■ WHAT THE EXERCISE ASKS ■
Could you copy the data that follows exactly as written, but drop the pictures?

■ DATASET EXTRACT ■
+--

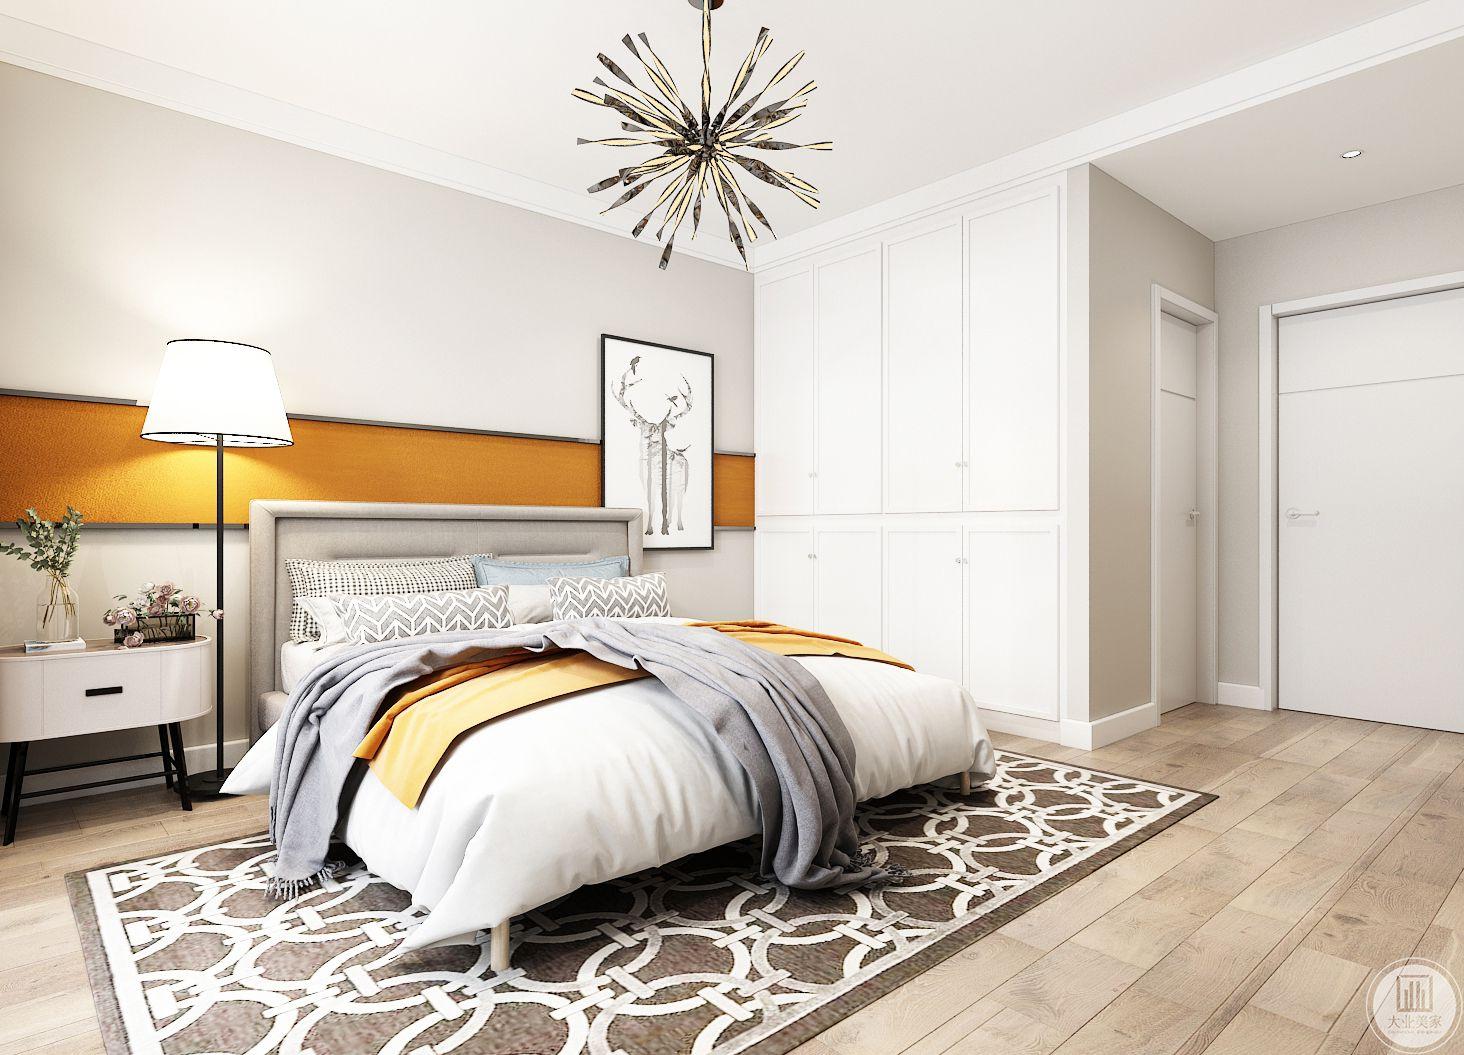 主卧室装修效果图:主卧室以白色为主,地面使用实木地板,搭配深棕色地毯。
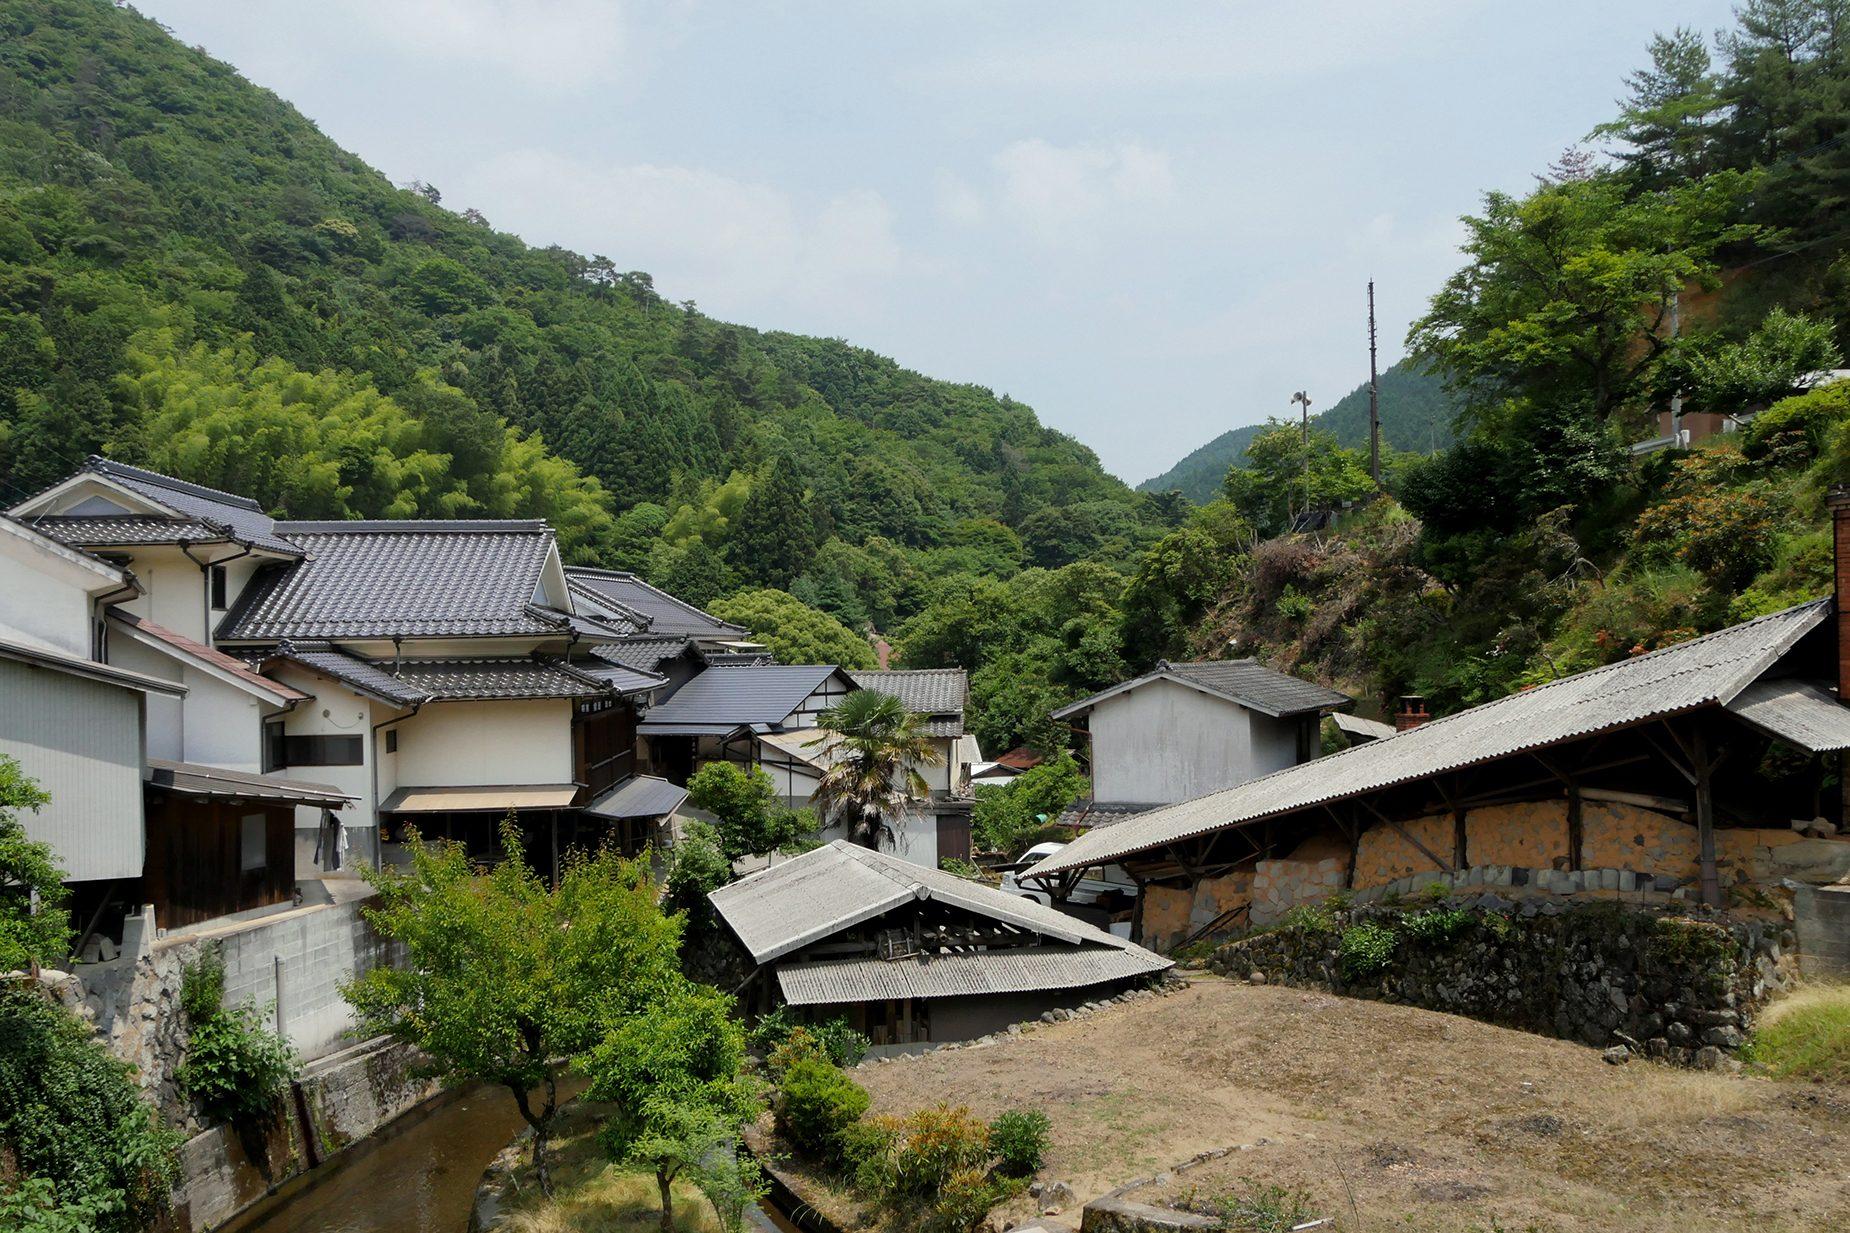 170731_kyushu_05
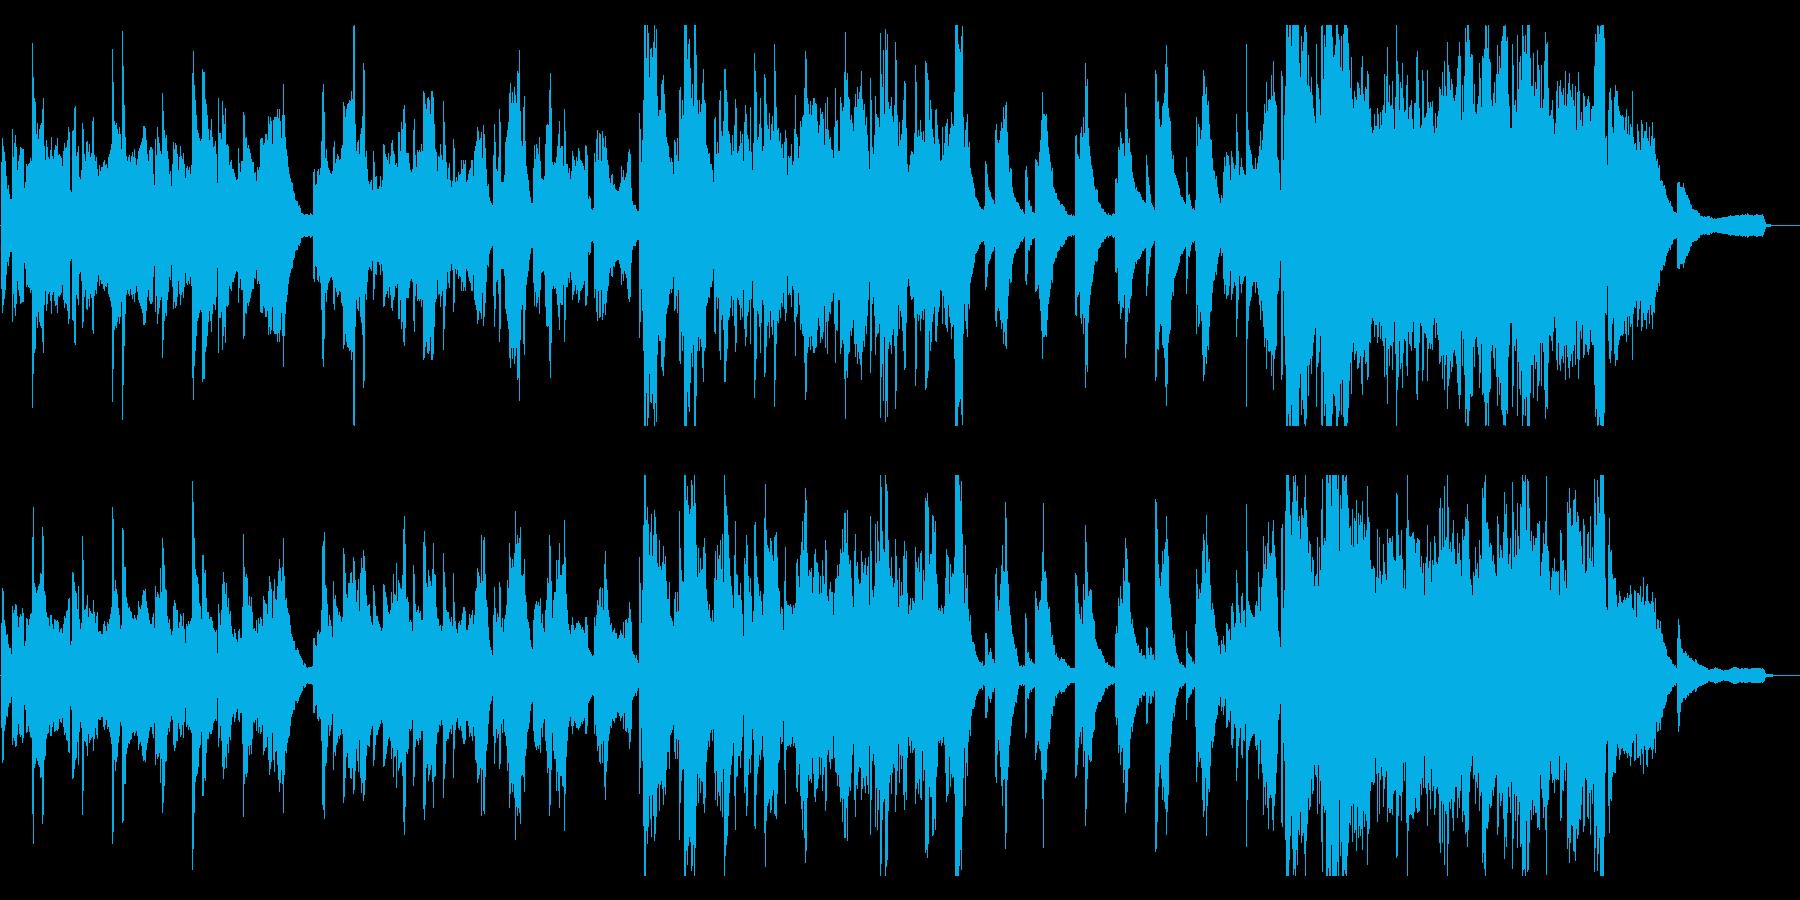 和風 バラード・伸びやかな二胡の再生済みの波形

+--

■ TASK RESPONSE ■
 主卧室装修效果图:主卧室以白色为主,地面使用实木地板,搭配深棕色地毯。
 170731_kyushu_05
 和風 バラード・伸びやかな二胡の再生済みの波形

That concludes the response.